Cardinal Power Plant


Cardinal Power Plant is a 1.8-gigawatt coal power plant located south of Brilliant, Ohio in Jefferson County, Ohio. The power plant has three units. Cardinal is co-owned with Unit 1 owned by American Electric Power's subsidiary, AEP Generation Resources. Units 2–3 are owned by Buckeye Power, a utility cooperative. It began operations in 1967.

History

Construction of Cardinal started in November 1963. The project was a joint venture of Ohio Power and Buckeye Power. Buckeye Power obtained loans from the Rural Electric Administration and financing through Kuhn, Loeb & Co. and the Ohio Company.

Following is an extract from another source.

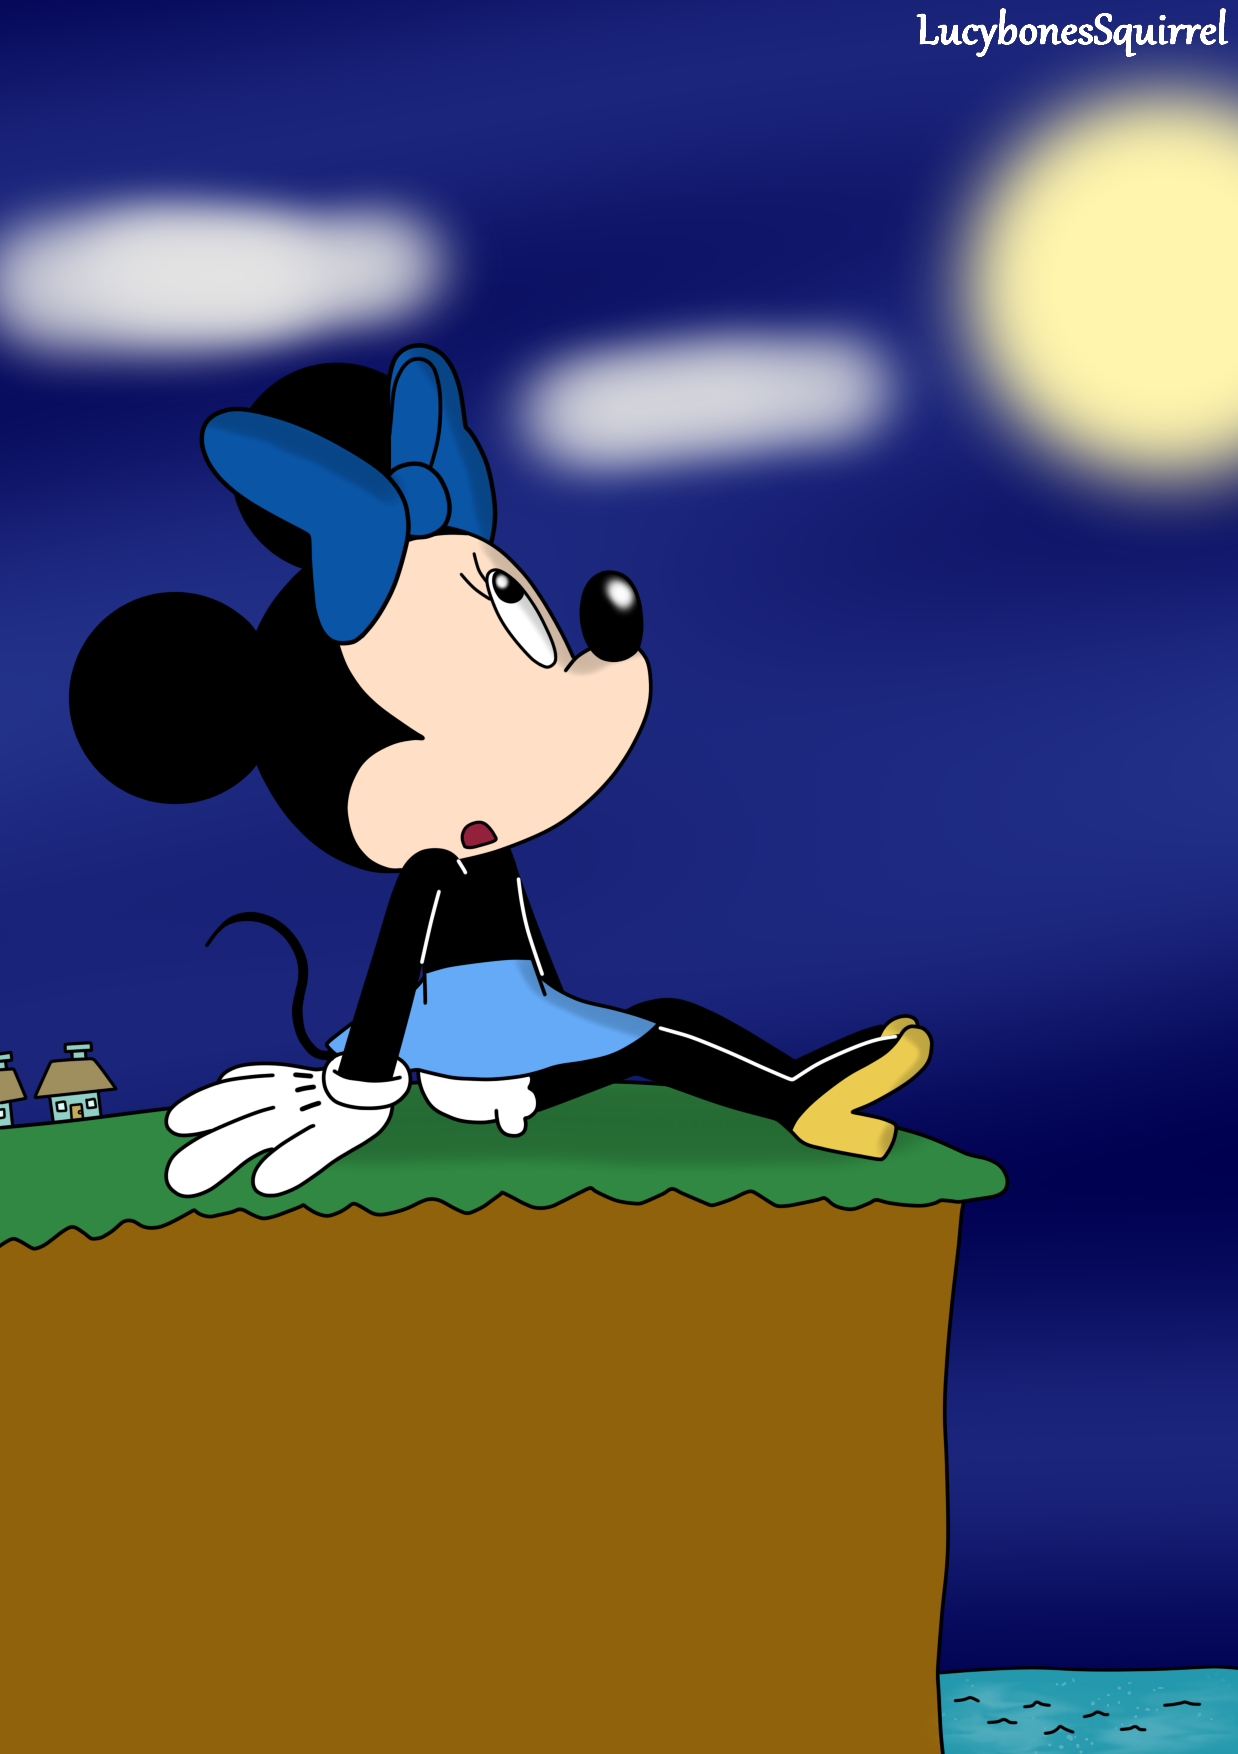 Lucybonessquirrel Giantess Minnie Sitting On The Edge Of A Cliff

Cardinal was built adjacent to Ohio Power's Tidd Plant. The plant is named after the State Bird of Ohio, the cardinal. Units 1 and 2 began commercial generation in 1967 at a cost of $131 million. Unit 3 began generation in 1977 after six years of construction at a cost of $220 million. In 2017, AEP and Buckeye Power reached an agreement for Buckeye Power to operate all three units at Cardinal.

Environmental mitigation

To further reduce nitrogen oxide emissions, AEP and Buckeye Power announced in 2001 they would install selective catalytic reduction systems to complement their LO-NOx burners at Cardinal. The SCRs would decrease emissions at the plant from 30% to 90%. Between 2005–2010, flue-gas desulfurization equipment were installed to all three units at Cardinal with Units 1 and 2 costing $300 million to construct. The FGD equipment would reduce sulfur dioxide emissions by 98%. A year after it was installed, inspectors found severe corrosion in its tank vessel. AEP negotiated a settlement with Black & Veatch, the contractor who installed the FGD equipment, to address the corrosion. Instead of constructing a new chimney for Unit 3's FGD system, AEP retrofitted a cooling tower to release waste heat into the atmosphere. AEP announced in 2015 that its Cardinal unit will be converted into a natural gas power plant by 2030 in order to comply with Environmental Protection Agency standards. The Public Utilities Commission of Ohio approved of the conversion.

Incidents

During construction in June 1965, three workers were killed when a pump casing fell into a well.
An explosion killed one worker and injured four in June 1984.